You have no items in your shopping cart.
ABSTRACT
Accurately estimating software development costs is paramount for software project success. Global attention has focused on addressing inaccuracies in software cost estimating models leading to numerous approaches. Although machine learning algorithm techniques have seen improvement, the challenge of varying bias and variance from weaker learners persists, leading to the adoption of ensemble learning techniques for increased accuracy. This research extends previous work on the ensemble learning Software Cost Estimation (SCE) models through the development of a Stacking Ensemble Learning Model for SCE (SELM-SCE) to reinforce the accuracy of software cost estimation by applying the combination of unsupervised K-Means and supervised K-Nearest Neighbor and LASSO machine learning methods on software projects from two datasets obtained from Promise Software Engineering Repository.

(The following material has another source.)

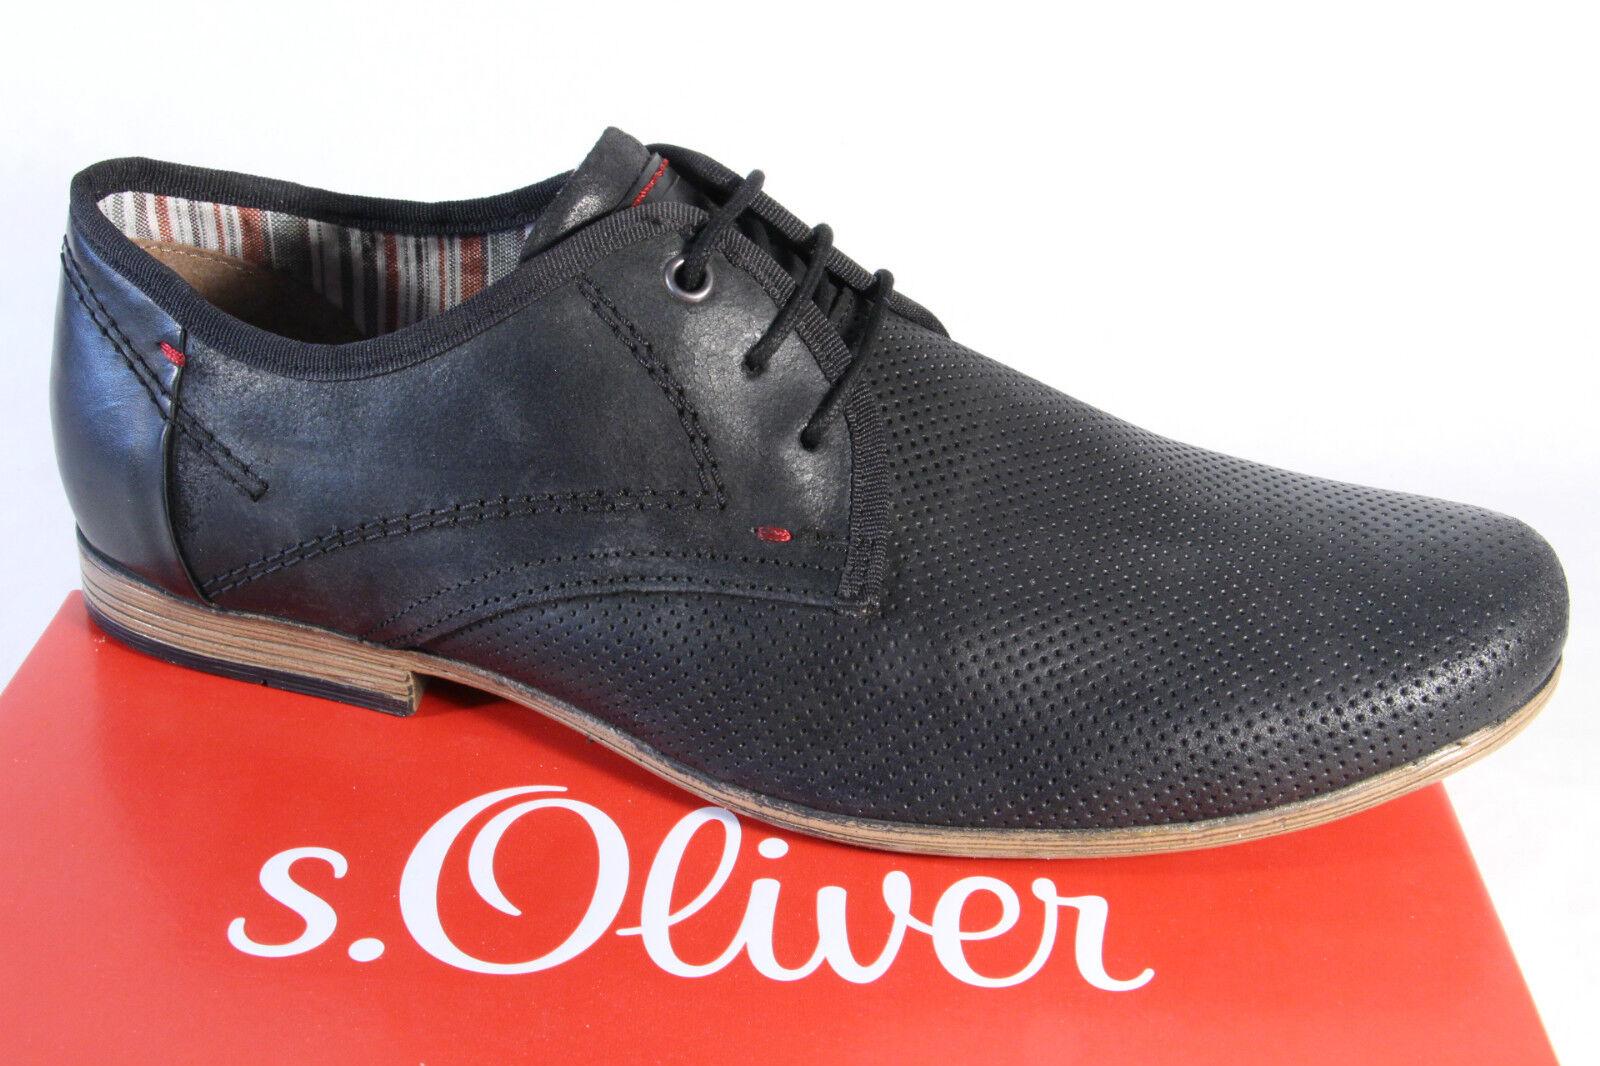 S.Oliver Herren Schnürschuhe, Halbschuhe, Sneakers schwarz Leder  NEU!!

The proposed SELM-SCE model was subjected to two trainings comprised of K-Means and SMOTE technique. All model training examined and reported on the performances of some essential questions related to the machine learning method. The performance of the proposed SELM-SCE model was first evaluated against three regression performance metrics. They are coefficient of determination (R2 ), root mean squared error (RMSE), and root absolute error (MAE). The results from the conducted regression experiments have shown that the SMOTE SELM-SCE without unsupervised machine learning improves the accuracy of the model performance with the following respective R 2 , RMSE, MAE values: 93.15, 1687.0780, 1188.0015 for Desharnais dataset and 94.67, 4532.7856 and 255.9115 for Maxwell dataset. The performance of SELMSCE was further evaluated against four classification performance metrics to compare with Hidmi and Sakar (2017) which is the existing boosting ensemble model. Experimental analysis of the results shows that SELM-SCE models achieved a prediction accuracy of 97.14% and 96.96% respectively higher than the existing works that exhibited prediction accuracy of 74.28% and 81.81% respectively. Other metrics obtained for the proposed model were 96.29% - 92.85%, 100% - 100%, and 96.29% - 96.29% as precisions, recalls, and F1-scores respectively.